» Work task: Leave the pictures out. Return all other data exactly.

--- Source data ---

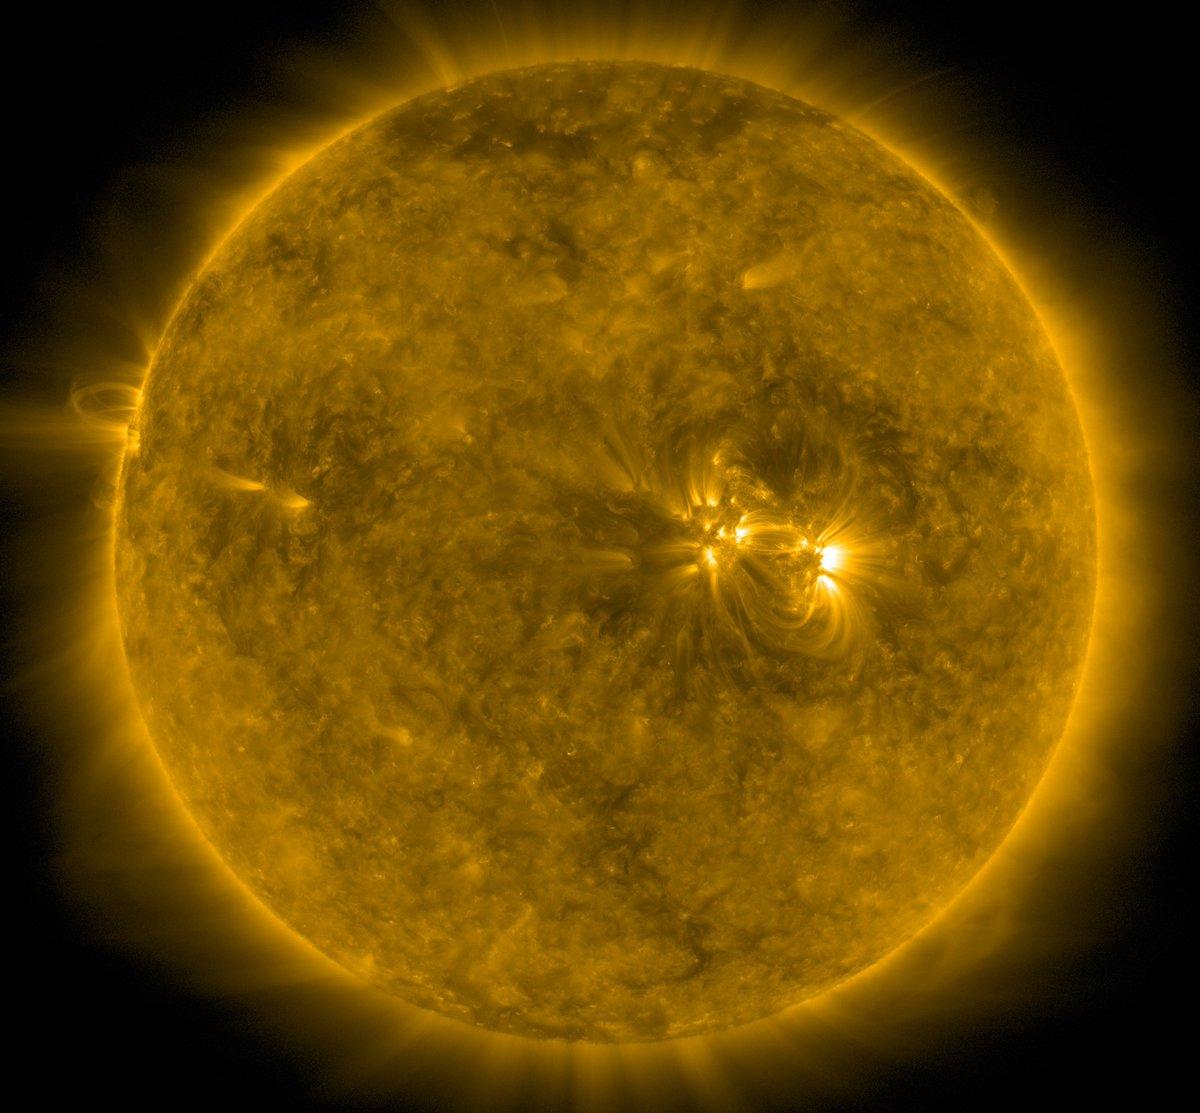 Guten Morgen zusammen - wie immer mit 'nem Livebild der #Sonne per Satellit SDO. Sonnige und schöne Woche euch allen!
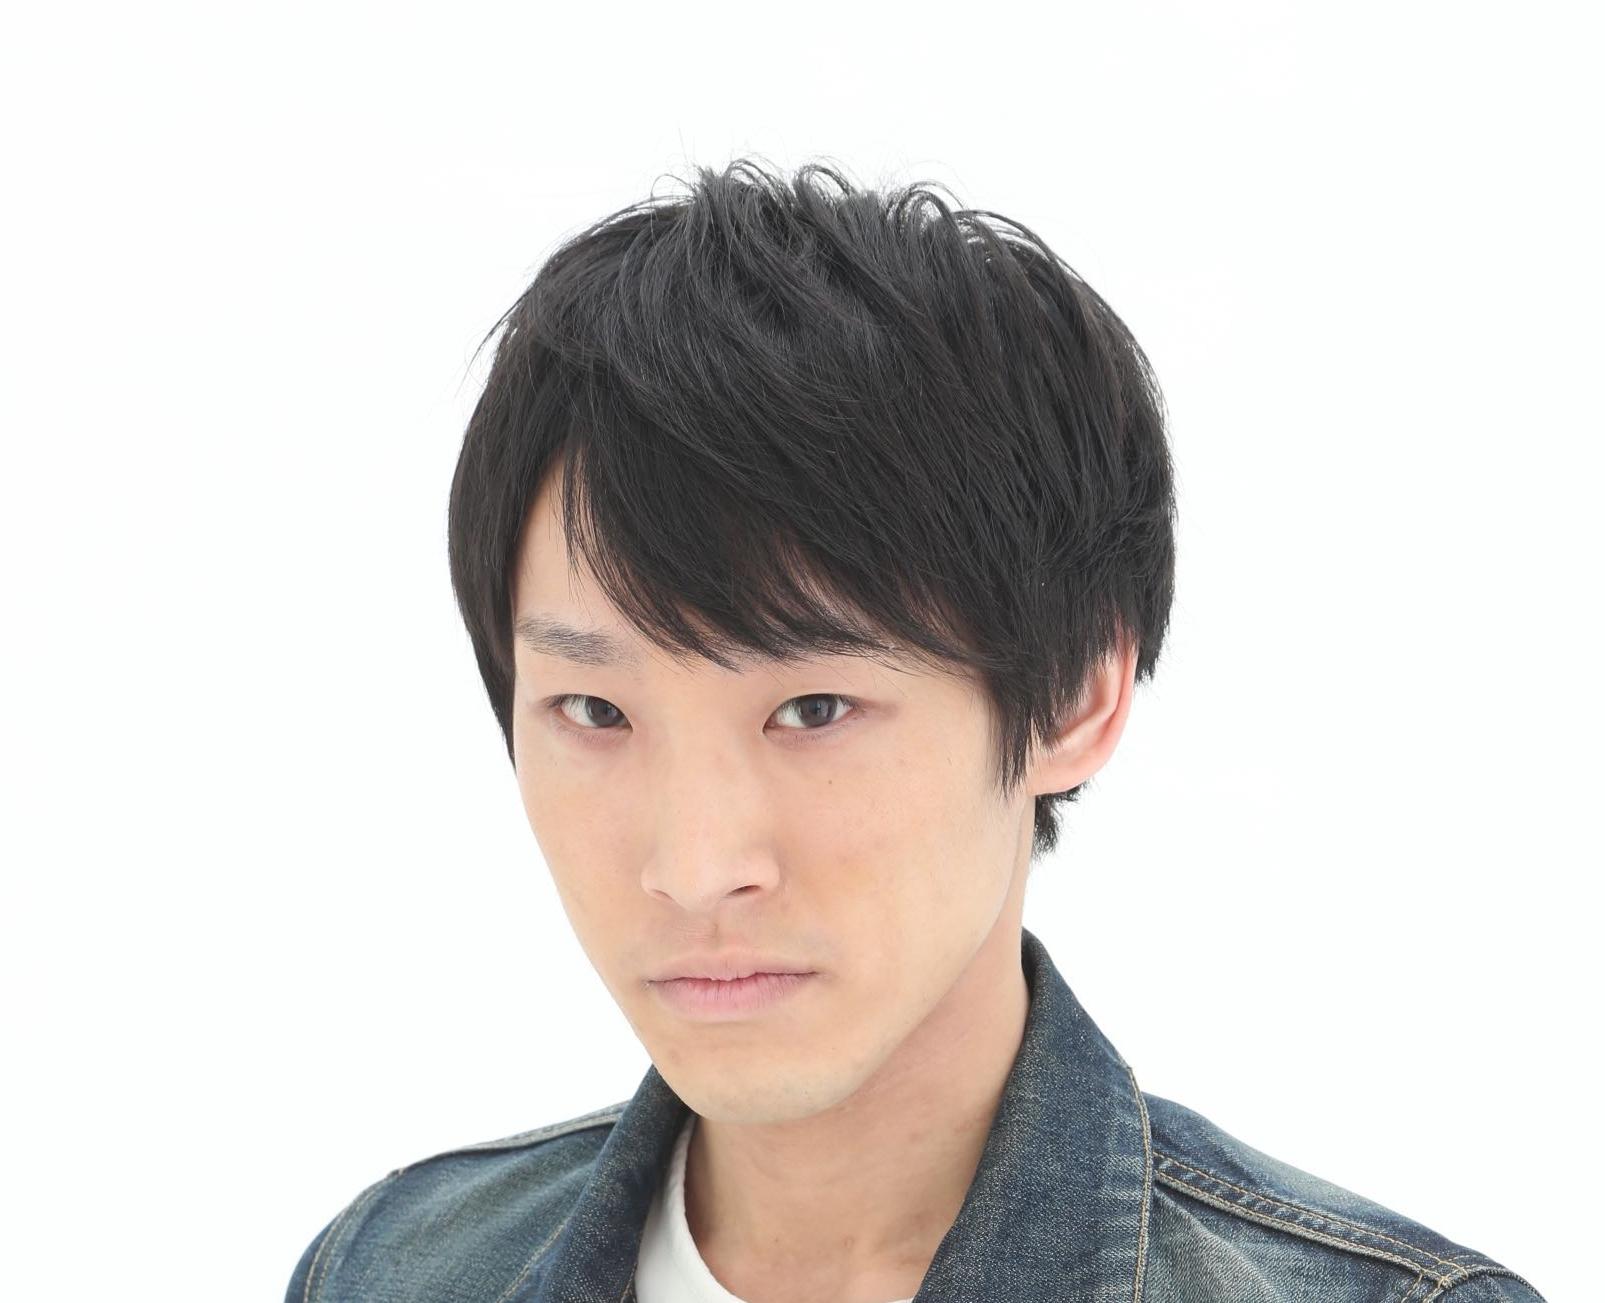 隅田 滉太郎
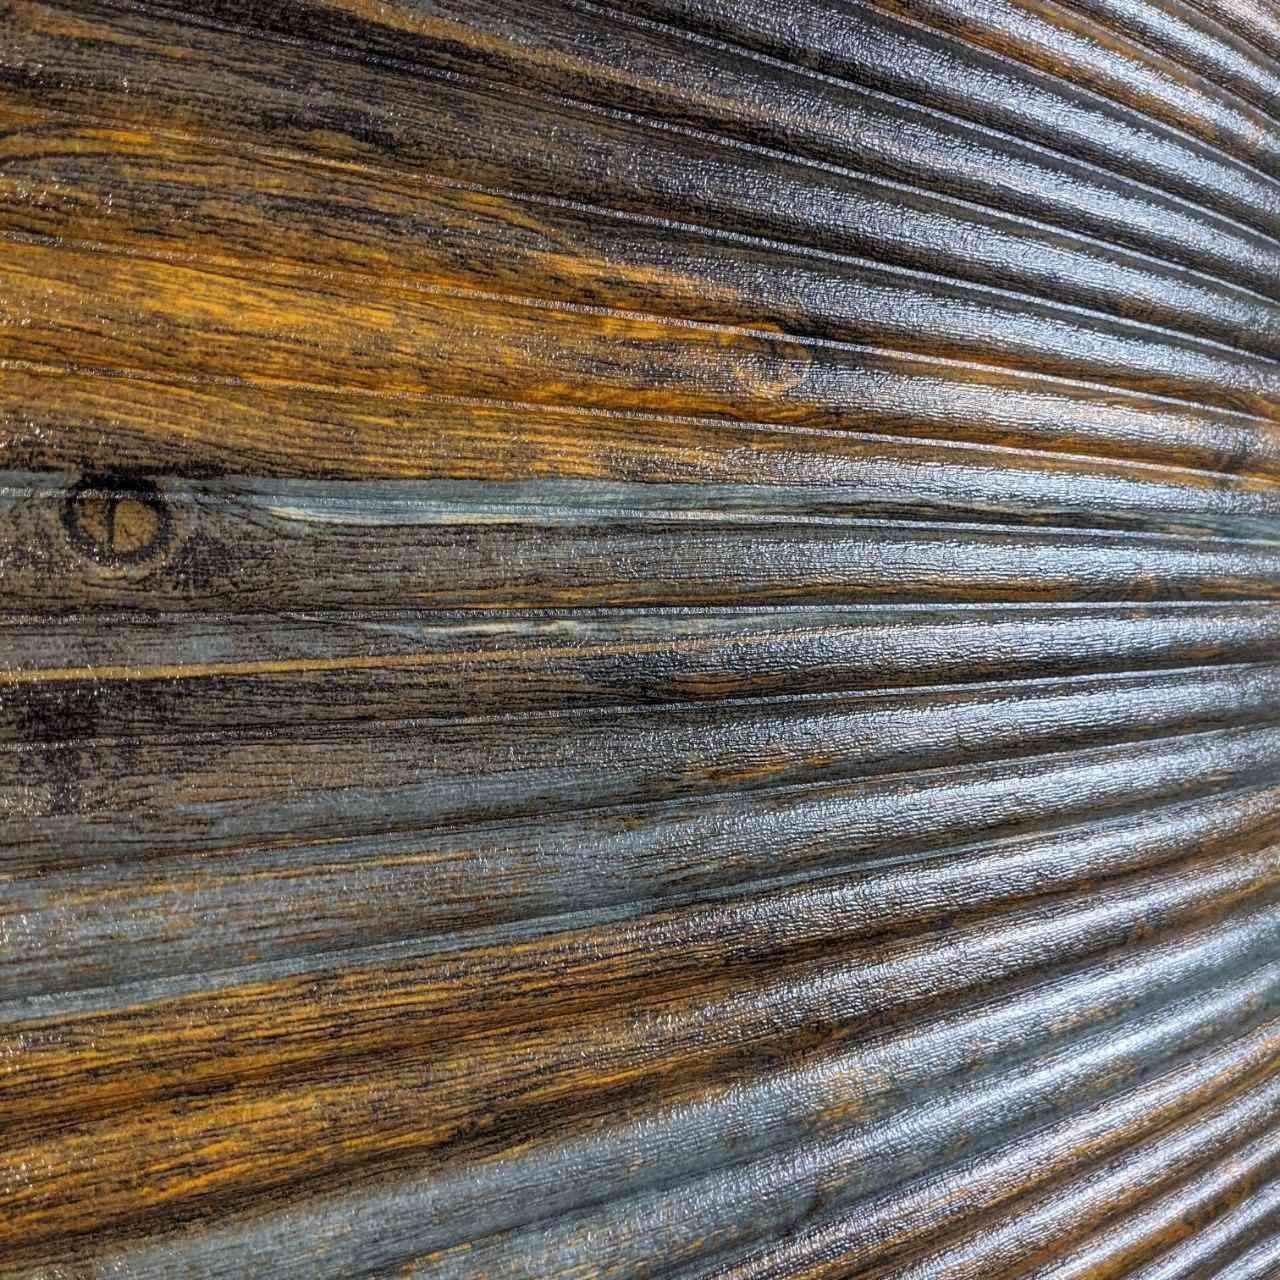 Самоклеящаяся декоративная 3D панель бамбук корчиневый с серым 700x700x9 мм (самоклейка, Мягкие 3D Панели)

---

» Solution:
 Guten Morgen zusammen - wie immer mit 'nem Livebild der #Sonne per Satellit SDO. Sonnige und schöne Woche euch allen!
 隅田 滉太郎
 Самоклеящаяся декоративная 3D панель бамбук корчиневый с серым 700x700x9 мм (самоклейка, Мягкие 3D Панели)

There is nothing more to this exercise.